15. **Identify States With Highest Sales in Each Product Category.**
```sql
SELECT category,
state,
total_sales
FROM (SELECT o.category,
o.state,
ROUND(SUM(o.sale)::numeric, 2) AS total_sales,
ROW_NUMBER() OVER (PARTITION BY o.category ORDER BY SUM(o.sale) DESC) AS rn
FROM orders AS o
GROUP BY o.category, o.state) AS ranked_sales
WHERE rn = 1 AND category IS NOT NULL;
```
**Output:**

16. **Identify Products With Profit Margin Below Average.**
```sql
SELECT product_id,
product_name,
price,
cogs,
ROUND((price - cogs)::numeric, 2) AS profit_margin
FROM products
WHERE (price - cogs) < (SELECT AVG(price - cogs) FROM products);
```
**Output:**

17. **Identify Top 3 Products Frequently Returned Across All Categories.

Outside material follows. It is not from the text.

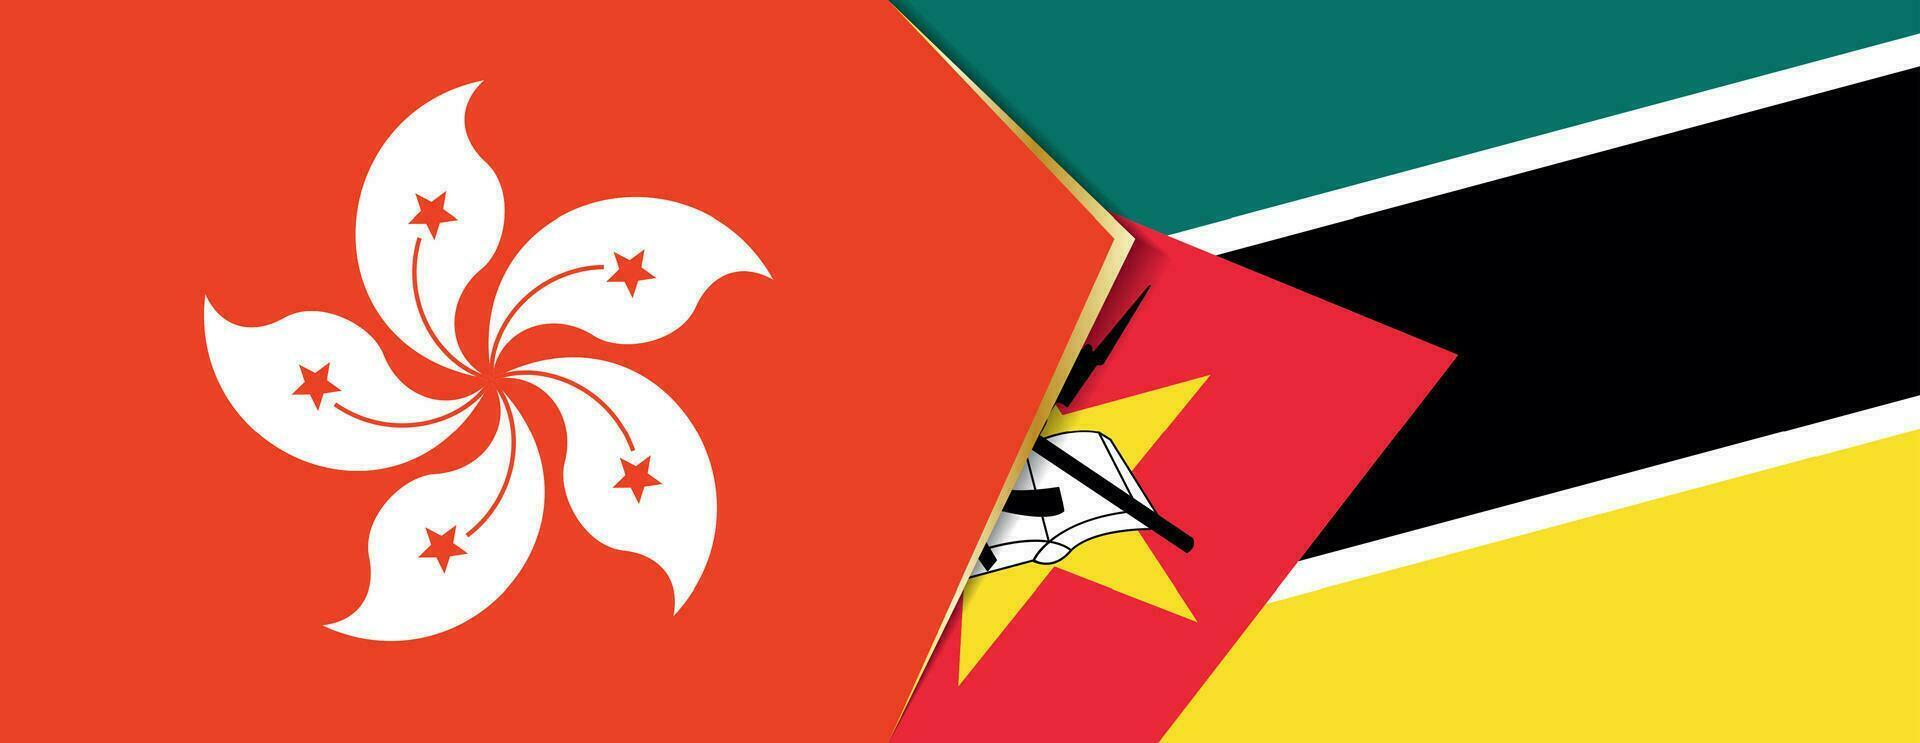 hong kong e Moçambique bandeiras, dois vetor bandeiras.

If Multiple Products Have the Same Number of Returns, They Should Be Ranked by the Total Sale Value.**
```sql
SELECT product_name,
category,
return_count,
total_sales
FROM (SELECT p.product_name,
o.category,
COUNT(r.return_id) AS return_count,
ROUND(SUM(o.sale)::numeric, 2) AS total_sales,
RANK() OVER (ORDER BY COUNT(r.return_id) DESC, SUM(o.sale) DESC) AS rn
FROM orders AS o
JOIN products AS p ON o.product_id = p.product_id
LEFT JOIN returns AS r ON o.order_id = r.order_id
GROUP BY p.product_name, o.category) AS ranked_returns
WHERE rn <= 3;
```
**Output:**

## Conclusion
This project covers the following tasks: database setup, data importing and analysis using business-driven SQL queries. The findings from this project can help drive business decisions by understanding sales patterns, customer behavior, and product demand.